Cantrip is an Elixir/OTP runtime for language-model entities acting through mediums, gates, wards, and looms. It is the canonical package implementation of the Cantrip spellbook lineage: the original ghost-library vocabulary is preserved, while the runtime surface is ordinary Elixir.

Core Shape

A cantrip is a reusable value. It combines:

  • an LLM behaviour implementation and provider state
  • an identity with system prompt and model-facing options
  • a circle describing medium, gates, and wards
  • optional loom storage, retry, and folding configuration

Casting a cantrip starts a one-shot entity. Summoning a cantrip starts a supervised entity process that can receive multiple intents. The entity is what emerges from the loop; the cantrip is the configuration that produces it.

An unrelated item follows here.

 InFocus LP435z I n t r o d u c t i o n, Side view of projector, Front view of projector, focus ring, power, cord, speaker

The circle is the runtime contract:

A = M union G - W

The medium determines the shape of thought. Gates expose host capabilities. Wards bound runtime behavior. The loom is the durable tree left behind by the entity's turns. The Familiar's default code medium runs trusted Elixir in the host BEAM for operator-local coding work, while plain code-medium circles without a sandbox ward default to the port boundary.

Runtime Loop

Cantrip.cast/3 starts an internal supervised entity server for one episode. Cantrip.summon/1 starts a persistent entity; Cantrip.summon/2 starts one and immediately runs its first intent. Cantrip.send/3 continues it.

Each turn:

  1. folds prompt context if configured
  2. presents the selected medium to the LLM
  3. invokes the provider through the internal provider-call boundary
  4. classifies the response into the selected medium's input shape
  5. executes through the medium
  6. appends the utterance and observations to the loom
  7. either terminates, truncates, or continues

Errors that belong to the entity's operating environment are observations. They are returned to the loop as data instead of crashing the process.

Mediums

The conversation medium projects gates as provider tool definitions.

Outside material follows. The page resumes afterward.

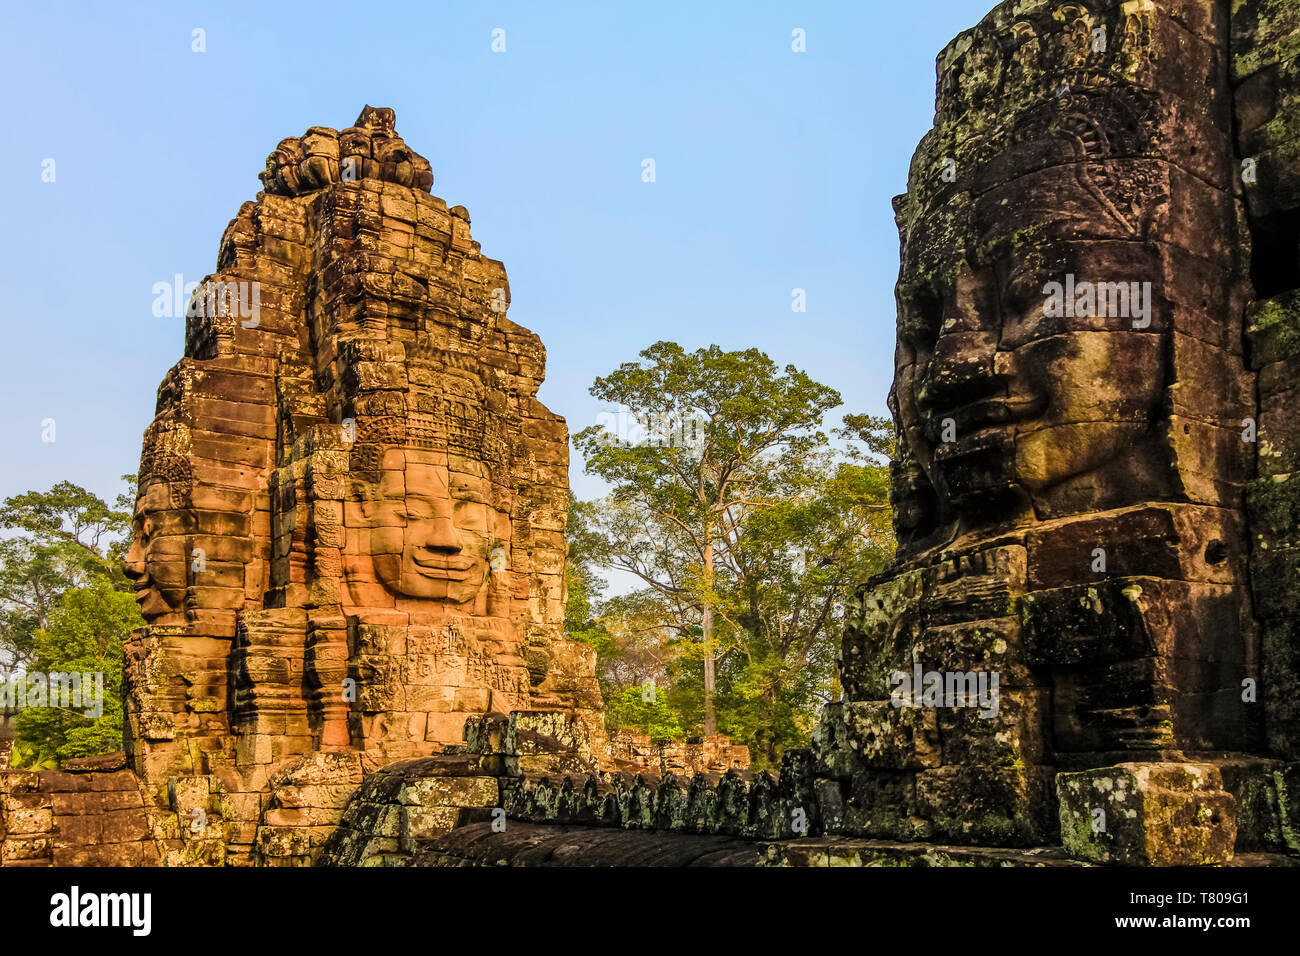 Türme und drei der 216 lächelnden Gesichtern aus Sandstein im 12. Jahrhundert Bayon Tempel in Angkor Thom ummauerten Stadt, Angkor, UNESCO, Siem Reap, Kambodscha, Asien Stockfoto

The code medium evaluates Elixir with persistent bindings. Plain code-medium circles default to Dune-restricted Elixir in a child BEAM process, equivalent to sandbox: :port. Add %{port_runner: [...]} to put that child under deployment-level OS/container controls. sandbox: :port_unrestricted keeps the child process but evaluates raw Elixir there. sandbox: :dune routes through the in-process Dune evaluator — a deliberately smaller-surface variant of the code medium (see docs/port-isolated-runtime.md "Dune Variant"); entity prompts need to fit that surface. sandbox: :unrestricted is the trusted host-BEAM evaluator, and it is the Familiar default.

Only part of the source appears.